PREAMBLE
In adherence to:
1. The Johannesburg Plan of Implementation negotiated at the World Summit on
Sustainable Development held in September 2002
2. The call for countries to prepare and implement national and regional strategies for
sustainable development
3. The South African National Framework for Sustainable Development (2007), and
relevant conventions and guidelines, with particular reference to the “ten principles
for sustainable development” as adopted by the International Council on Mining and
Metals (ICMM)
4. The signatories to this Deed resolved to pursue the objectives of sustainable mining
as described this Deed, the Structures of the Foundation and its Rules.
“Sustainable mining” means1 to “... meet the needs of the present without
compromising the ability of future generations to meet their own needs.”
“AGM” means Annual General Meeting
1 NAME, LEGAL ENTITY, RESIDENCE, FISCAL YEAR
1.1 The Foundation will be known as the “Foundation for Sustainable Mining”
1.2 The Foundation will be incorporated as a Section 21 Company, with the articles
of a company not having a share capital.
1.3 The Foundation shall have a public benefit fund to promote philanthropic
objectives which are not related to the non profit objectives of the Foundation.
1.4 The fiscal year is the calendar year.

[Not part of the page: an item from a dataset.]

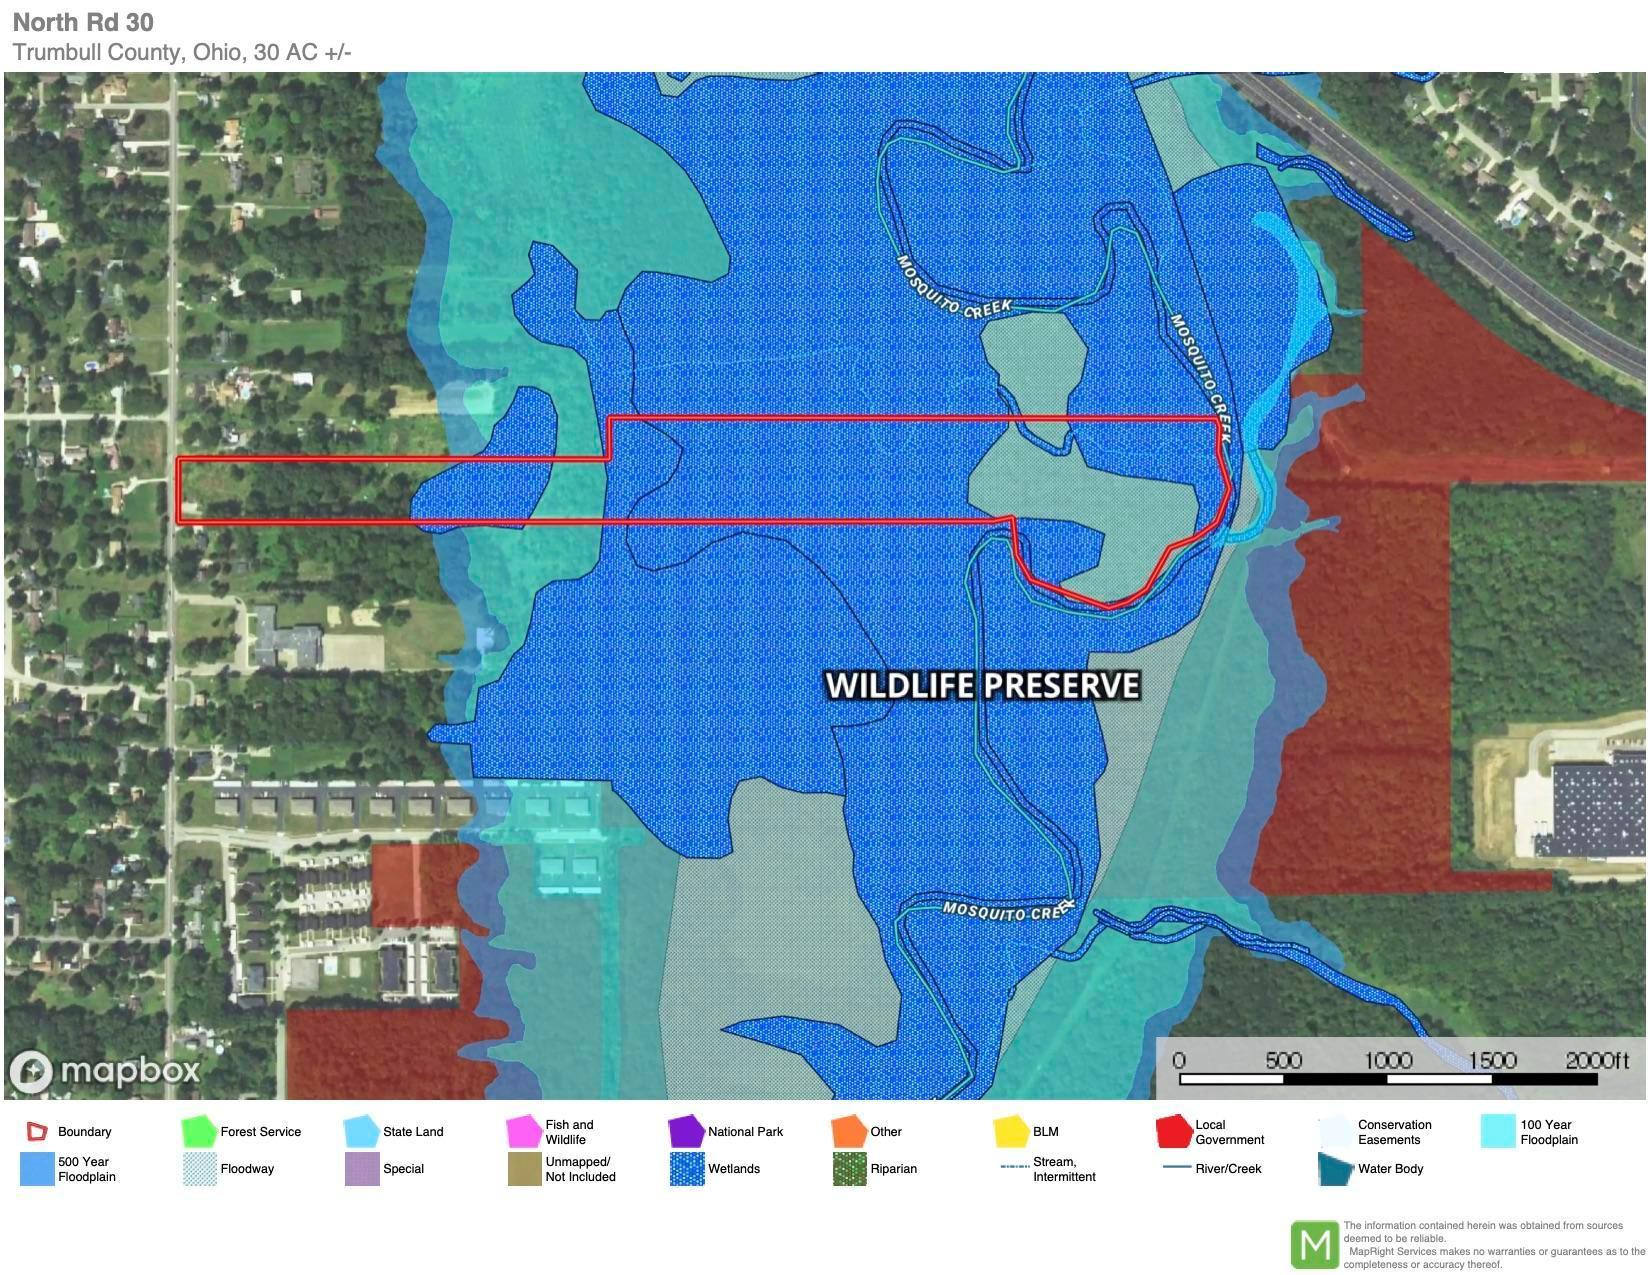 North Rd 30 Wetland and floodplain map c

1.5 The Statutory Committee determines the seat and regional offices of
the Foundation.
2 GOALS AND OBJECTIVES
2.1 To interact with governments and in particular the South African national
government to create an environment which is conducive to effective mining within
the following functional policy regimes:
a) Social and labour matters of mine workers
b) Environmental impact and rehabilitation of mining areas
c) Health and safety of mine workers
d) Adult education and training
2.2 Develop and promote investment in mining, mining processes and practices in harmony with its social and ecological system and which mitigates environmental
impacts and offset negative impacts.
2.3 Act as an independent “think tank” for the mining and related industries in South
and Southern Africa.
2.4 Support artisanal mining.
2.5 Promotion of gender equity in mining.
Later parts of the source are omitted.